Person.png Franklin Thomas   SourcewatchRdf-entity.pngRdf-icon.png
(businessman)
Franklin Thomas Ford Foundation.jpg
BornMay 27, 1934
Brooklyn, New York City
DiedDecember 22, 2021 (Age 87)
NationalityUS
EthnicityAfro-American
Alma materColumbia Law School
Member ofCouncil on Foreign Relations/Members 3
Afro-American manager and likely CIA-asset. Attended the 1980 and 1990 Bilderbergs as Ford Foundation President. Rockefeller Foundation.
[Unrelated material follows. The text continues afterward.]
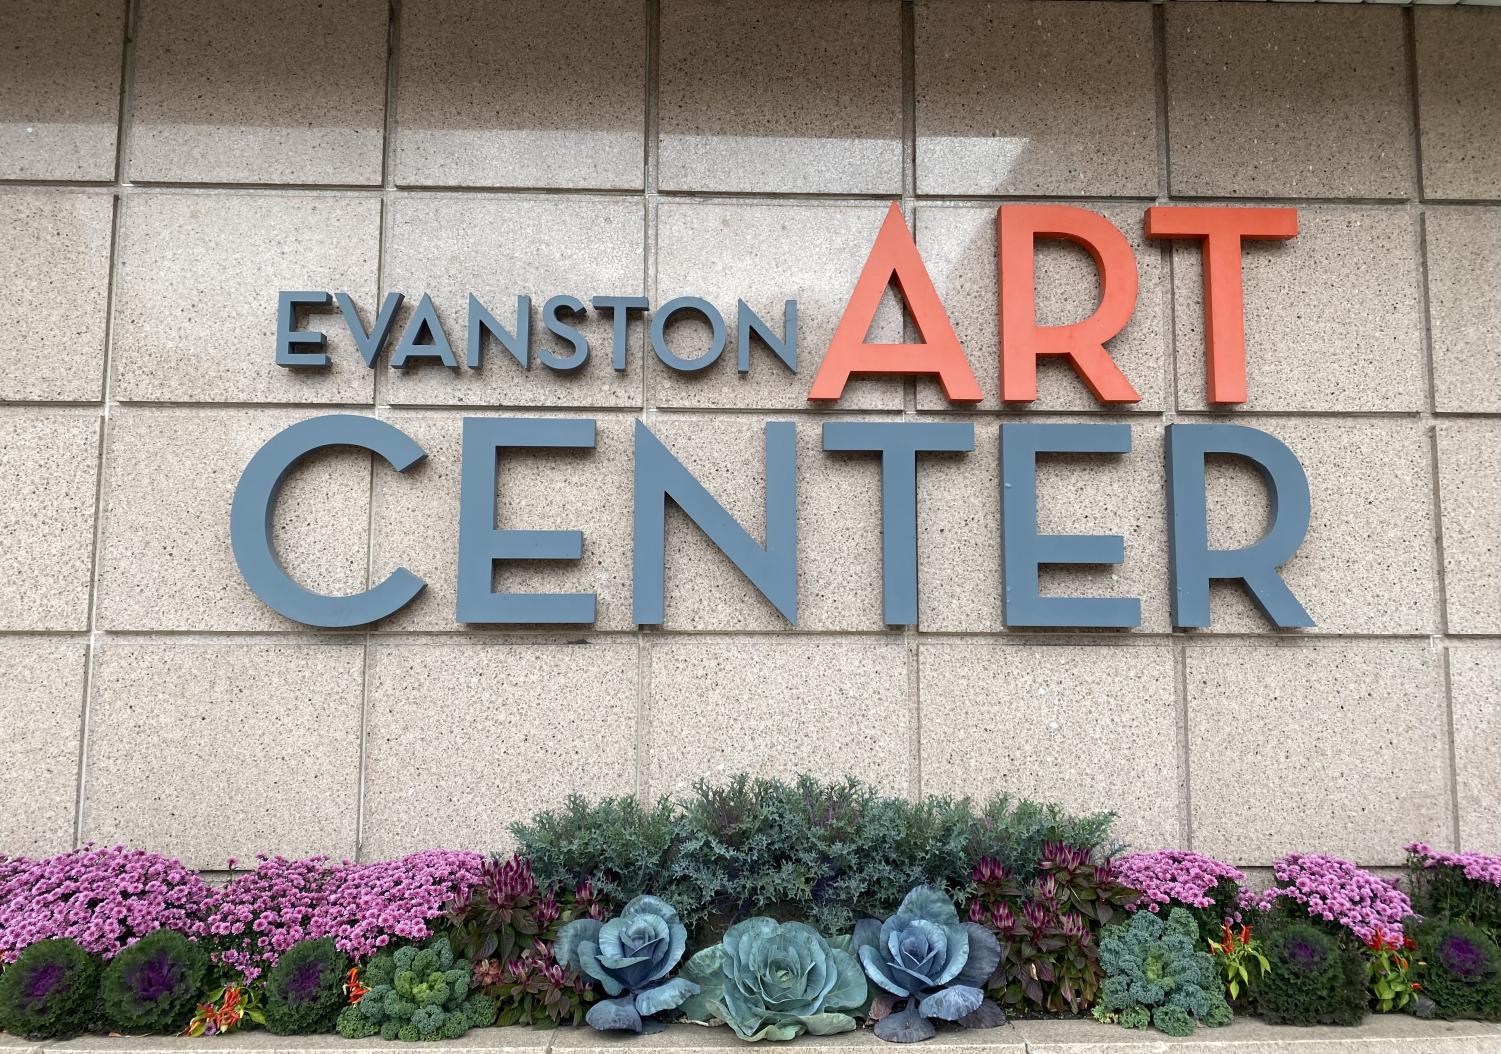 The+outside+of+the+Evanston+Art+Center%2C+with+a+sign+reading+%E2%80%9CEvanston+Art+Center%E2%80%9D+above+plants.

Franklin Thomas was president and CEO of the Ford Foundation[1] from 1979 until 1996.[2] He attended the 1980 and 1990 Bilderberg meetings.

CIA asset

He is mentioned in relation to the suppression of the exposure of Gloria Steinem as a CIA asset;

Gloria Steinem, Clay Felker (publisher of Esquire), and Ford Foundation president Franklin Thomas were among those who threatened to sue for libel if Random House allowed the CIA chapters to be published in the Random edition of Redstockings' Feminist Revolution. At the same time, Newsweek/Washington Post publisher Katharine Graham and Warner Communications-a major Ms. stockholder-also complained. The offending chapters were deleted. Thus, Steinem and her powerful supporters successfully used the threat of litigation to exercise prior restraint over publication.[3]

In 1975 Redstocking magazine wrote on his involvement in a false flag/agent provocateur sting operation

Franklin A. Thomas, board member of the Women's Action Alliance and president of the Bedford Stuyvesant Restoration Corporation, made his career by preparing the case which led to the conviction in May, 1965, of three men on charges of trying to blow up the Statue of Liberty. Thomas, a little known U.S. Attorney at the time, was appointed Deputy Police Commissioner in New York City the following October. The Statue of Liberty case was a classic example of a violent action allegedly planned by radicals, but actually conceived and promoted by a police agent provocateur.
James Forman, Liberation Will Come from a Black (11/23/67) stated that "I know this is what happened with the Statue of Liberty case because Policeman Woods was the man who conceived the idea, pushed the brothers into it by making them feel guilty because they weren't militant enough, arranged for the dynamite, took a brother to pick it up, and then testified against them in court. The result was: They served three and a half years, and Woods is still free.[4]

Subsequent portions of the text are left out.